-
Notifications
You must be signed in to change notification settings - Fork 24.7k
Description
🚀 The feature, motivation and pitch
This is useful to avoid copies related to copy-on-write (actually copy-on-read because of python's finicky ref-counters) problems with DataLoader: #13246. A typical application: list of file names or file paths in a dataset (avoiding creating hundreds of thousands/millions of python string objects on the heap), string<>token lookup tables.

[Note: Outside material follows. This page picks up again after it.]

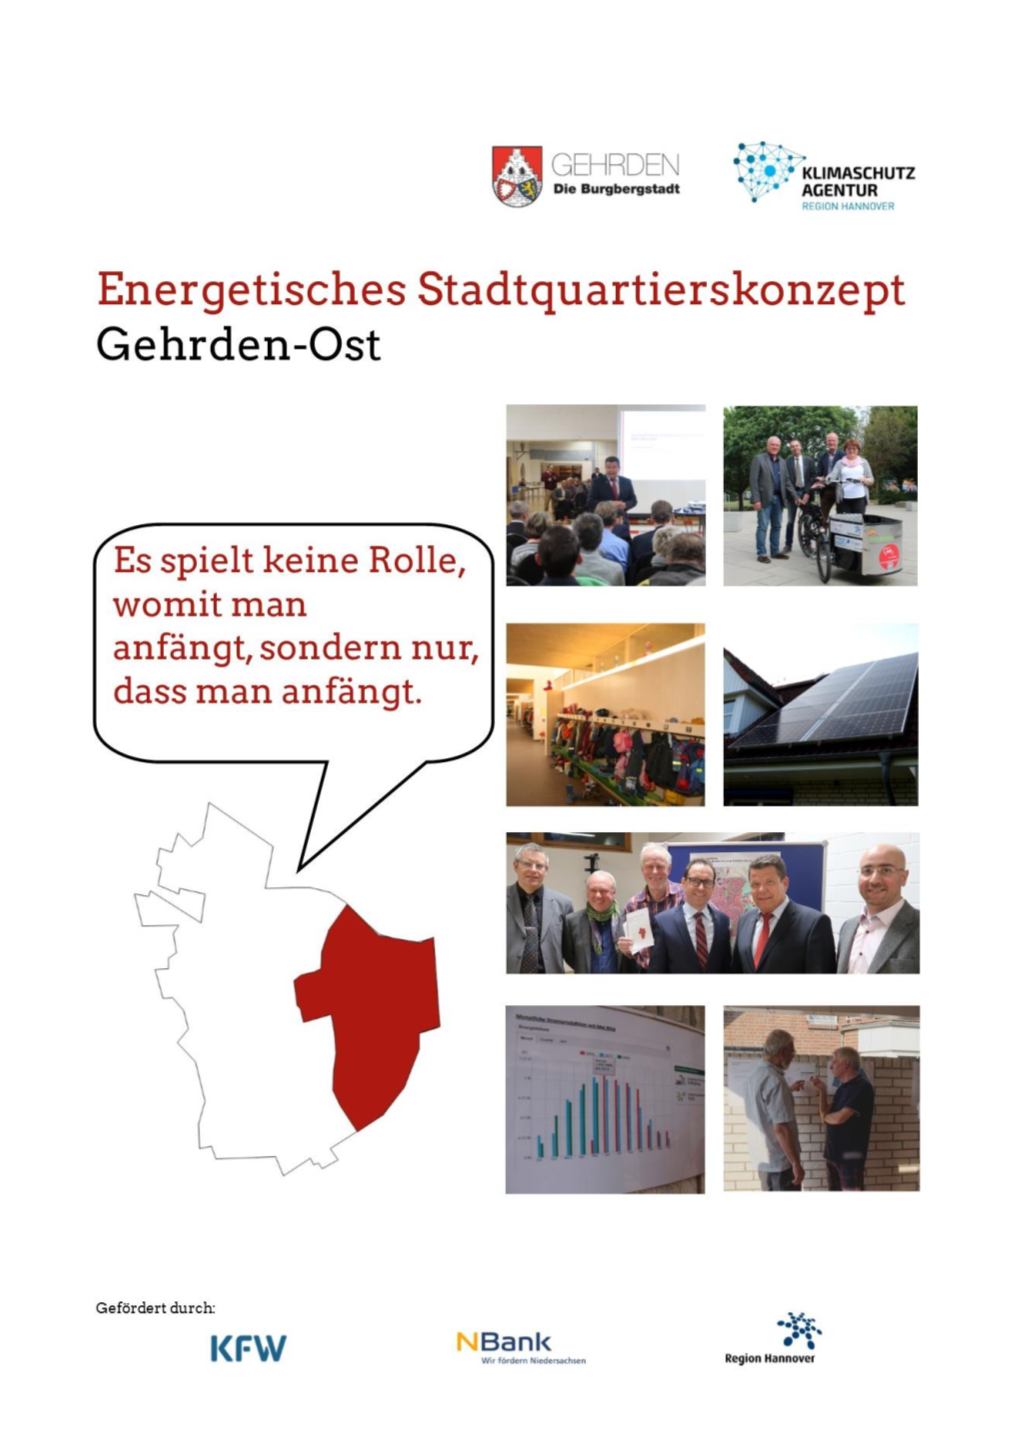 Endbericht Energetisches Stadtquartierskonzept Gehrden

For fixed-size-characters (ascii, utf_32) there is my prototype in https://gist.github.com/vadimkantorov/86c3a46bf25bed3ad45d043ae86fff57 , but some other designs can be considered. In essence, initially this means some fast parallelized APIs for conversion from python string lists and accessing individual elements / sub-lists (maybe parallelized string encoding/decoding). Different storage formats can be envisaged: e.g. fixed-length string array (with some null-byte padding) or no-padding packed format as in the gist above. I think for practical use in compaction of strings in datasets, the no-padding format is needed (although for parallelized hashing the fixed-length strings may be easier). Also should be decided if (stable) hashes can be precomputed/cached/stored along with the strings.

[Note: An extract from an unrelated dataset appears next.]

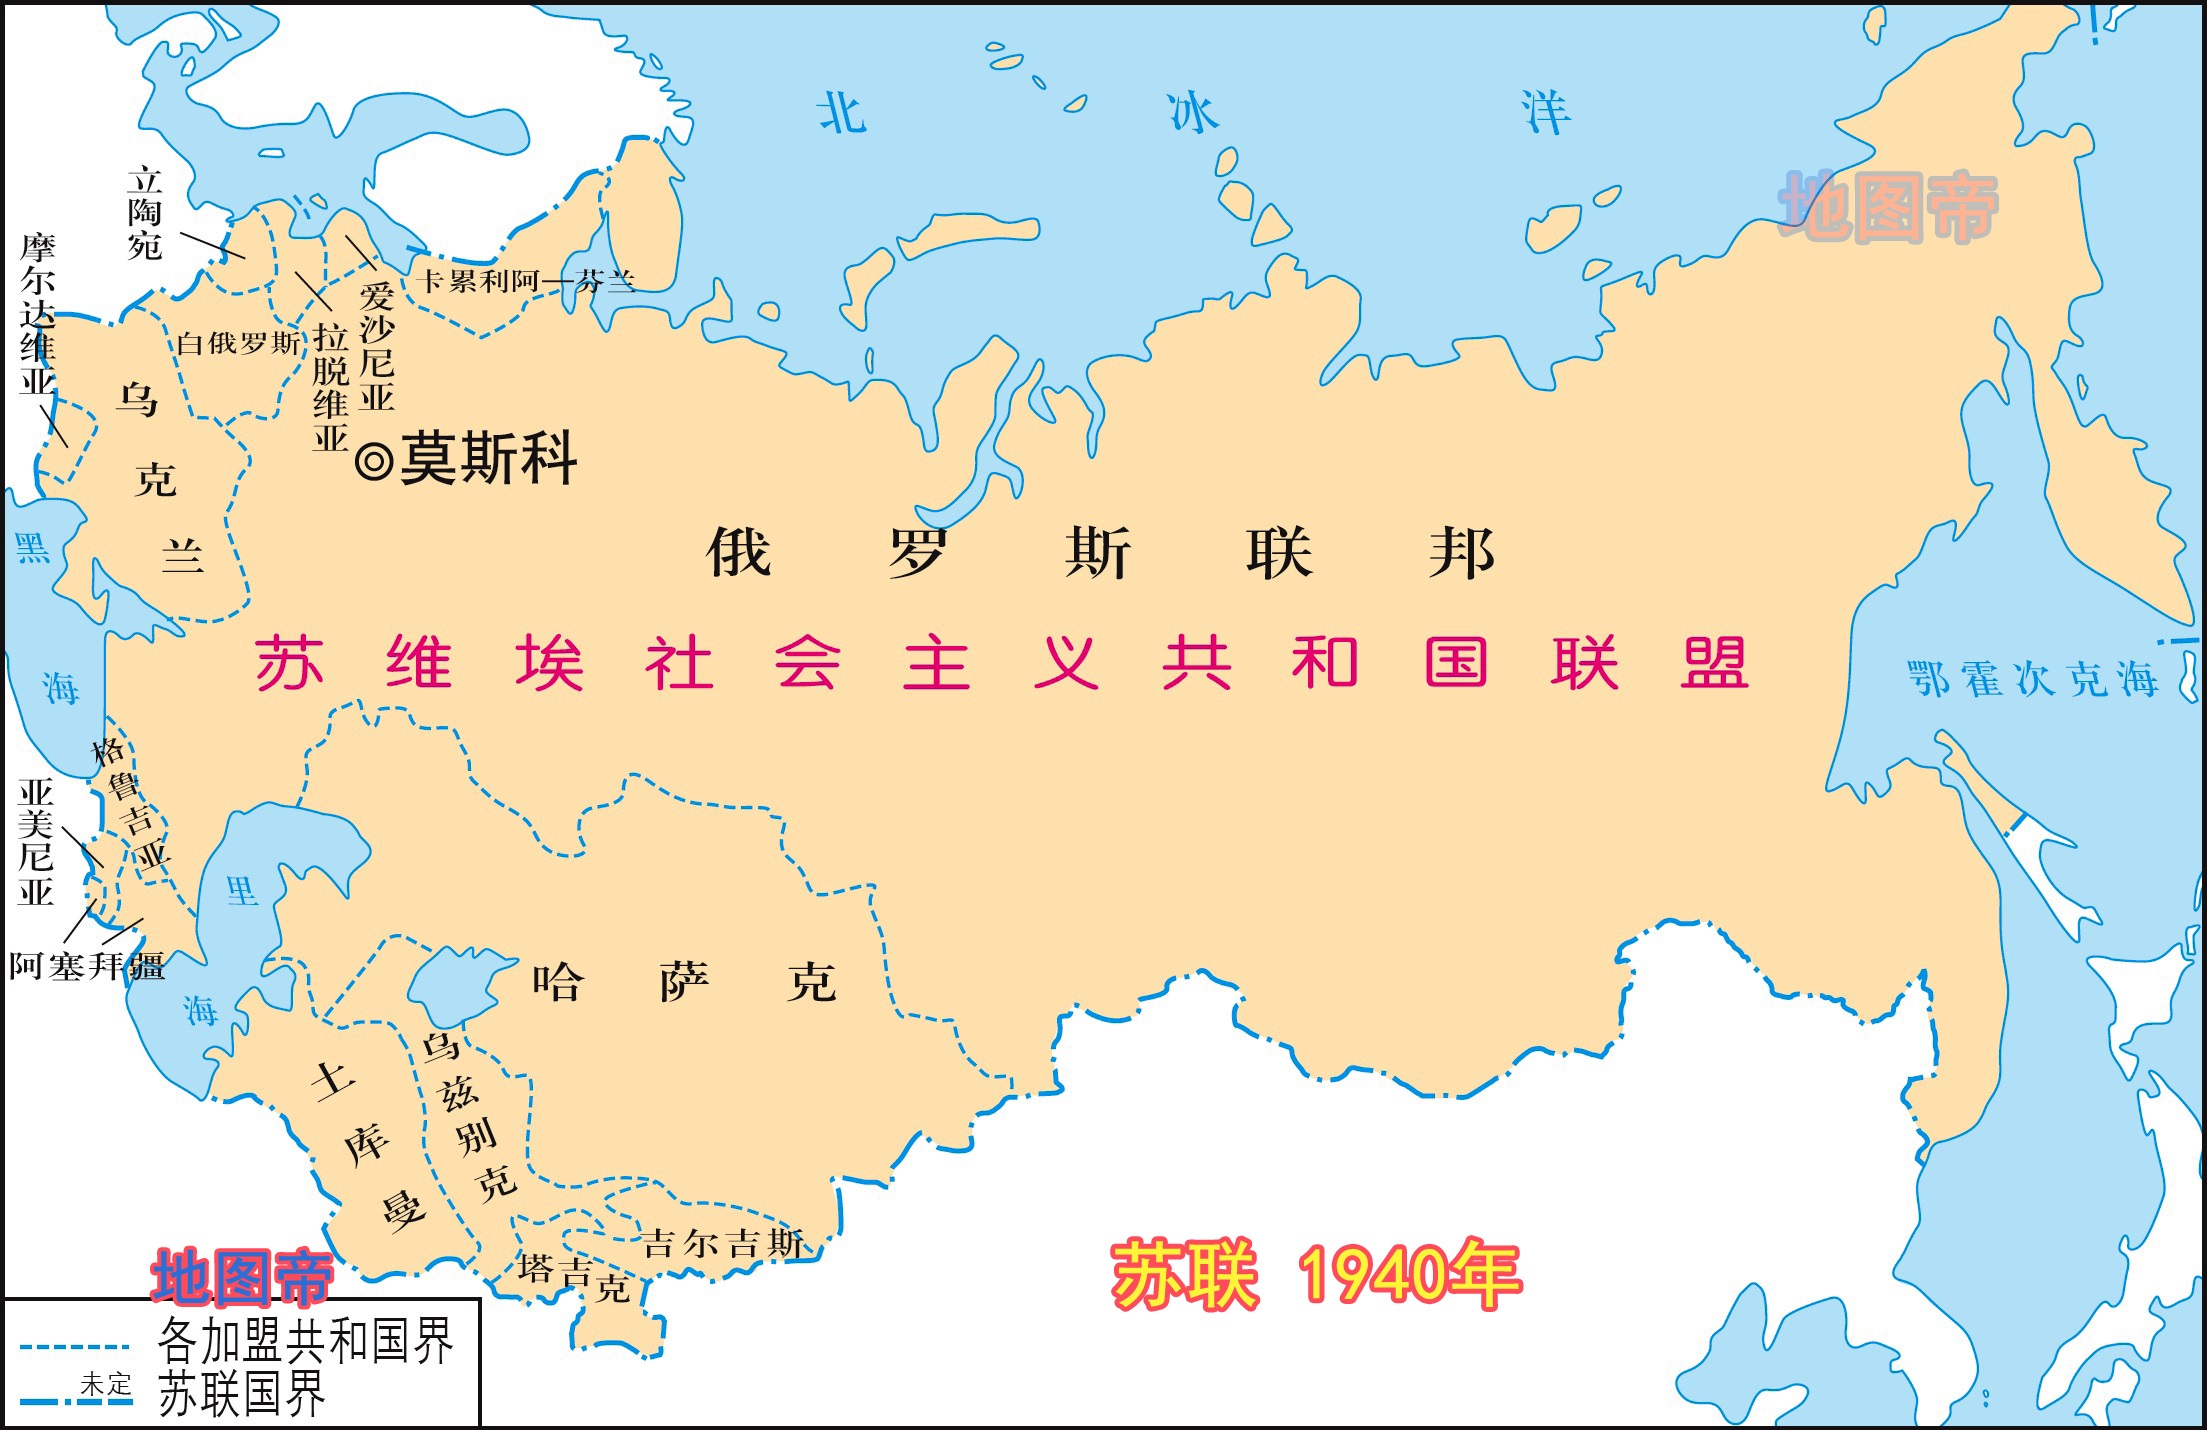 圣彼得堡地图(列宁格勒)|圣彼得堡地图(列宁格勒)全图高清版大图片|旅途风景图片网|www.visacits.com

This would be useful for some fast column-based string processing or mmap'ing some dataset files . Probably NumPy / HDF5 / Apache Arrow / parquet / data frame libraries have also some support along these lines.
It seems that torcharrow.StringColumn might implement this. I think it's worth moving a string list class like this in core. Maybe even more lightweight - a Tensor subclass or even just methods for working with string-array holding uint8/int16/int32 tensors, because it's very useful for working around #13246 and otherwise more economic/parallelized basic string/file paths manipulation.

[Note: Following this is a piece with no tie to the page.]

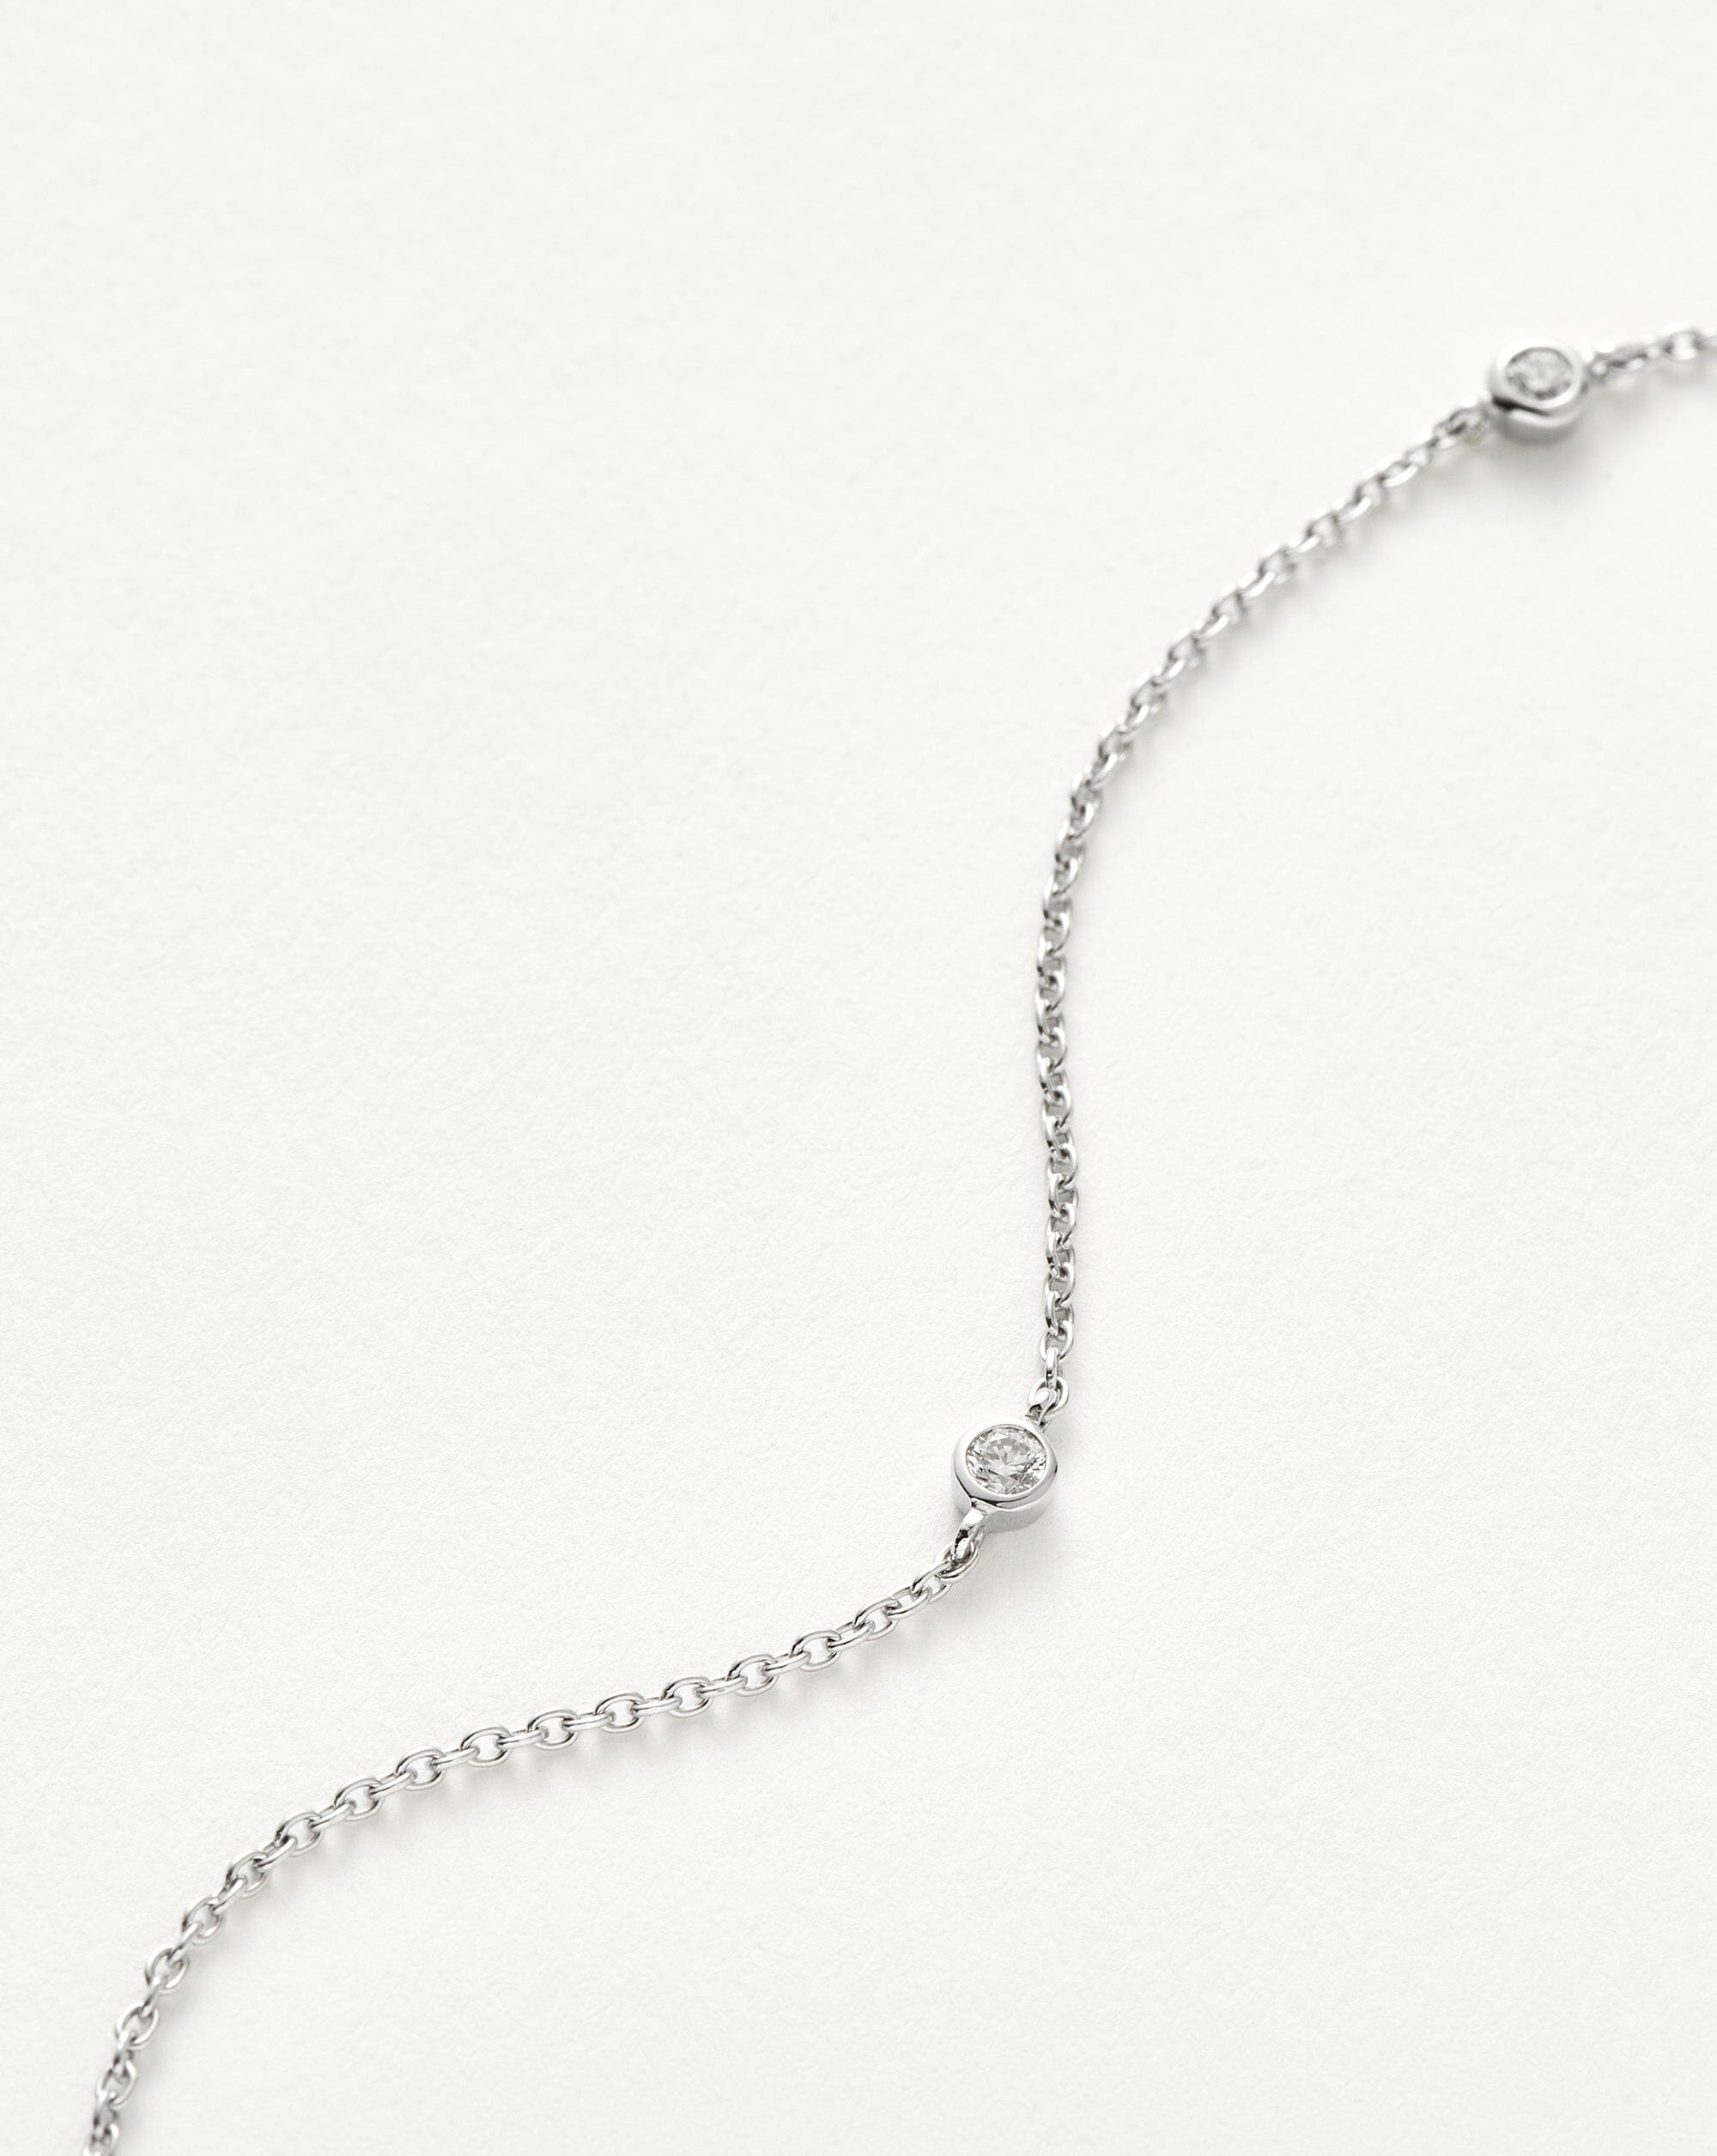 White Gold Necklace with Three White Diamonds | KLENOTA

A useful string function to include is some parallelized string hashing methods that are stable (e.g. hash all of the strings in the array at once). Then this could be used for fast hashtable construction / keys hash computation. Another useful concept can be "string lists" that allow appends (with some exponential storage reallocation): #64359
Related issues on "zero-copy": #43949, #33041, #34651 (about getting a bytes
view over a sub-tensor - can be useful as an ascii string substitute, and in general for zero-copy pytorch interop. i wonder if python has some native string views over utf-8 strings?) It may seem that there's even an option to hack around CPython PyUnicode structure and create a "view" over char bytes (stored in tensor) without any char byte copies (although it's maybe not very safe): python/cpython#104689 https://stackoverflow.com/questions/76291943/create-a-python-string-from-a-native-pointer-without-char-buffer-copy
Going further, maybe some simplistic dataframe class can be added to PyTorch (being a tuple of tensors with having equal leftmost dim). These dataframes would primarily be used for some simple dataset serialization/deserialization / filtering and transformation. Ideally, a dataframe should support two modes of serialization: array-of-structs and column-based. Imagine, having a list of COCO per-image annotation objects and just giving it to some sort of dataframe constructor (maybe along with some schema/spec) and getting back a set of column tensors (with some helper accessor methods). This dataframe could be scattered without copies to DataLoader workers. Native CUDA-accelerated basic CSV-parsing could also be nice (especially if combined with mmap-based file reading?). I can see that this is implemented by torcharrow, maybe time to move some of its core structures to core?
Discussion of conversion of nested structures to columns:
- https://github.com/julienledem/redelm/wiki/The-striping-and-assembly-algorithms-from-the-Dremel-paper
- https://research.google/pubs/pub36632/
Maybe some simple nested schemas can be supported first:
- array of dicts of primitive types
- array of dicts with nested arrays of dicts of primitive types
These might be enough to represent data annotation schemas of common datasets (?)